A Spider is a class that defines how to navigate a website and extract data. Here's how you can create a Spider:

```python
from scrapework.spider import Spider

class MyScraper(Scraper):
    start_urls = ['http://quotes.toscrape.com']

    def parse(self, response):
        for quote in response.css('div.quote'):
            yield {
                'text': quote.css('span.text::text').get(),
                'author': quote.css('span small::text').get(),
            }
```

The `parse` method is where you define your scraping logic. It's called with the HTTP response of the initial URL.

### Creating an Extractor

An Extractor is a class that defines how to extract data from a webpage. Here's how you can create an Extractor:

```python
from scrapework.extractors import Extractor

class MyExtractor(Extractor):
    def extract(self, selector):
        return {
            'text': selector.css('span.text::text').get(),
            'author': selector.css('span small::text').get(),
        }
```

The `extract` method is where you define your extraction logic.
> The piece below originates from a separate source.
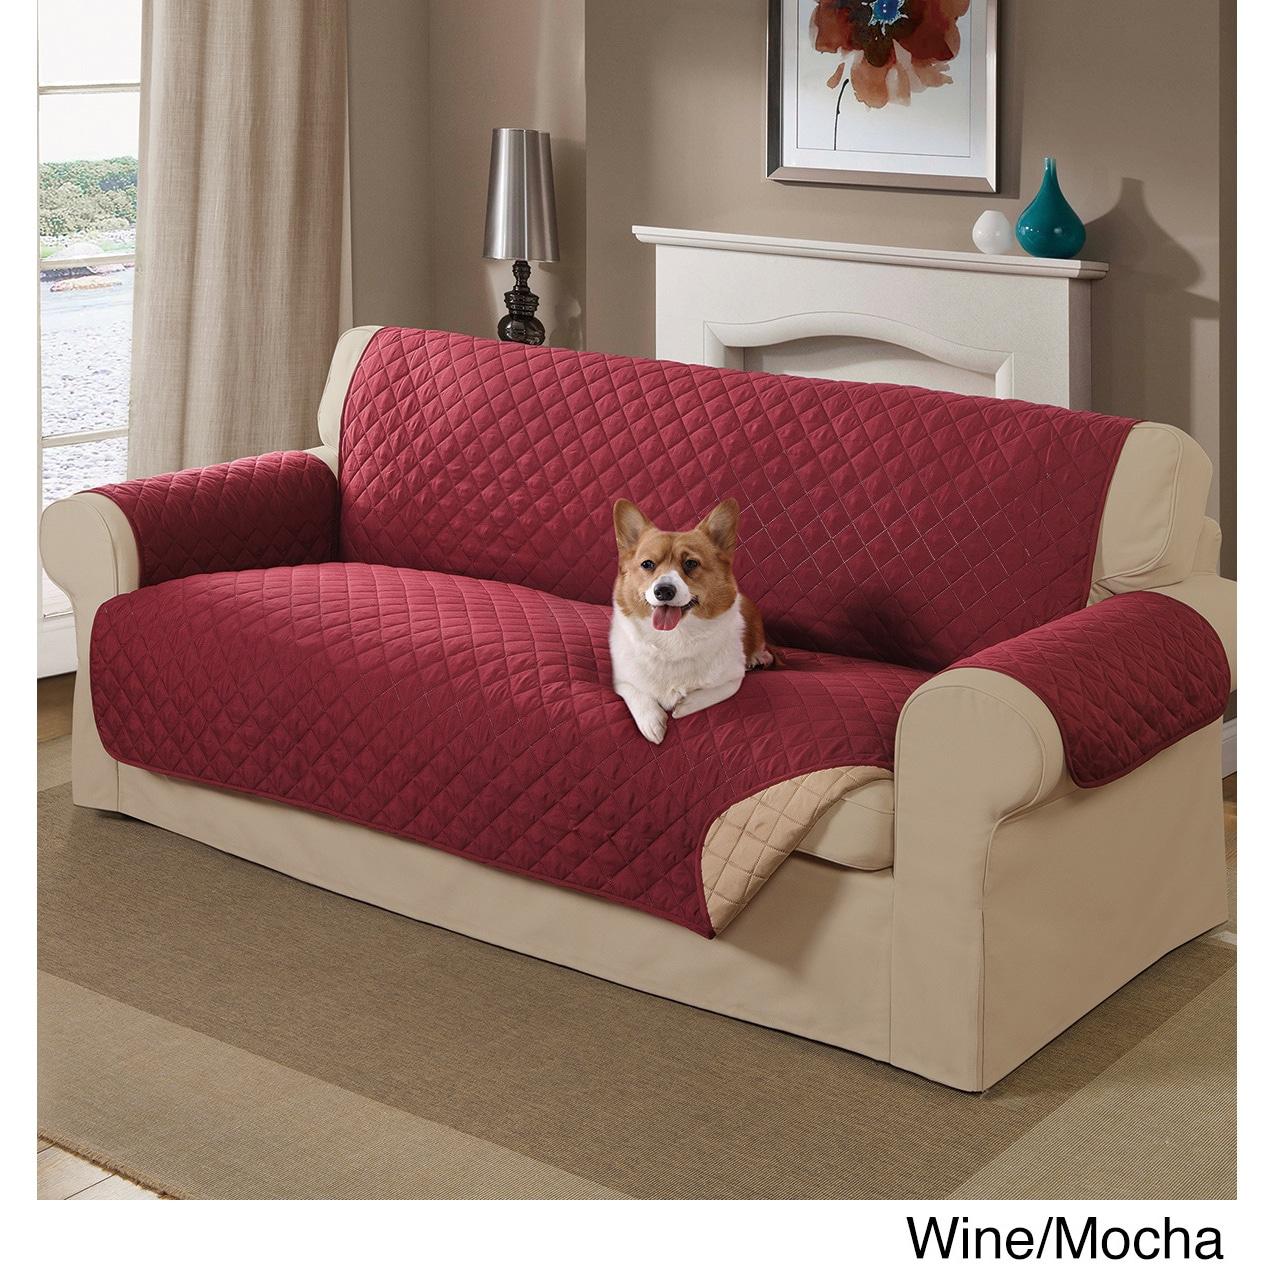 Home Decor Reversible Pet Sofa Cover (Wine/Mocha), Red (A...

It's called with a `parsel.Selector` object that you can use to extract data from the HTML.

### Creating a Pipeline

A Pipeline is a class that defines how to process and store the data. Here's how you can create a Pipeline:

```python
from scrapework.pipelines import ItemPipeline

class MyPipeline(ItemPipeline):
    def process_items(self, items, config):
        for item in items:
            print(f"Quote: {item['text']}, Author: {item['author']}")
```

The `process_items` method is where you define your processing logic. It's called with the items extracted by the Extractor and a `PipelineConfig` object.

### Running the Spider

To run the Spider, you need to create an instance of it and call the `start_requests` method:

```python
spider = MySpider()
spider.start_requests()
```

## Advanced Usage

For more advanced usage, you can override other methods in the Spider, Extractor, and Pipeline classes. Check the source code for more details.

## Testing

To run the tests, use the following command:

```sh
pytest tests/
```

## Contributing

Contributions are welcome! Please read the contributing guidelines first.

## License

Scrapework is licensed under the MIT License.